Another Innovator Awards semifinalist is using informatics data to reduce emergency room visits for pediatric asthma-related issues by 18 percent and cut about $1 million in avoided emergency room costs.

As part of its strategic plan for population health management of pediatric patients, Children’s Hospital of Orange County (Calif.) developed a system of asthma patient measures designed to better manage the condition and keep individual patients out of emergency situations. The measures are built into each patient’s electronic health record and the data is available to providers in real time as part of the clinical workflow.

The number of children with an asthma action plan grew quickly, fueling the reduction in emergency room encounters and earning them a Healthcare Informatics Innovator Award.

Life-Saving Technology

One man’s path into the field of health informatics led directly to a project that is credited with speeding up medical science’s ability to detect signs of sepsis — a life-threatening condition that kills an estimated quarter million patients annually and is caused by the body’s extreme response to an infection.

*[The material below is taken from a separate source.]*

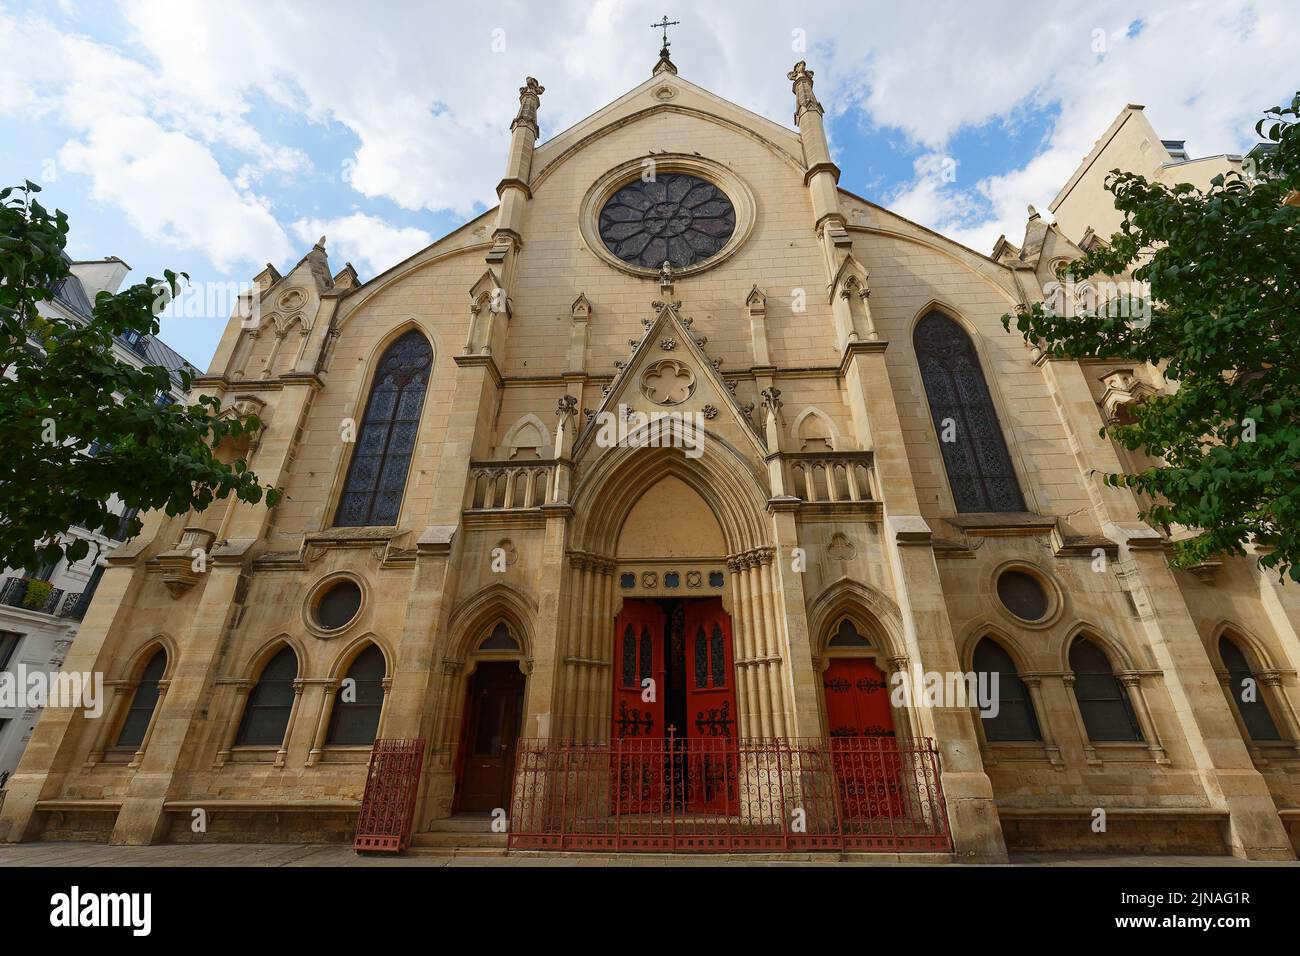 Saint-Eugene-Sainte-Cecile es una iglesia católica situada en el distrito 9th de París. Francia. Foto de stock

Andrew Harrison was a student in the Mayo Clinic’s Medical Scientist Training Program when he attended a lecture about “data sniffers,” computer applications that sift through a patient’s electronic health record and alert care providers to early signs of dangerous syndromes.

“I knew nothing of clinical informatics,” Harrison said in a story in Discovery’s Edge (the research magazine of the Mayo Clinic). But he was intrigued that computers could be taught to conduct medical surveillance and that data analysis could improve clinical decision-making.

Working alongside the researcher whose talk initially inspired his passion for informaticsHarrison focused his doctoral studies on developing a first-generation “sepsis sniffer” application. He continued to improve the sniffer, and in a clinical study it was able to identify patients with sepsis sooner than bedside clinicians.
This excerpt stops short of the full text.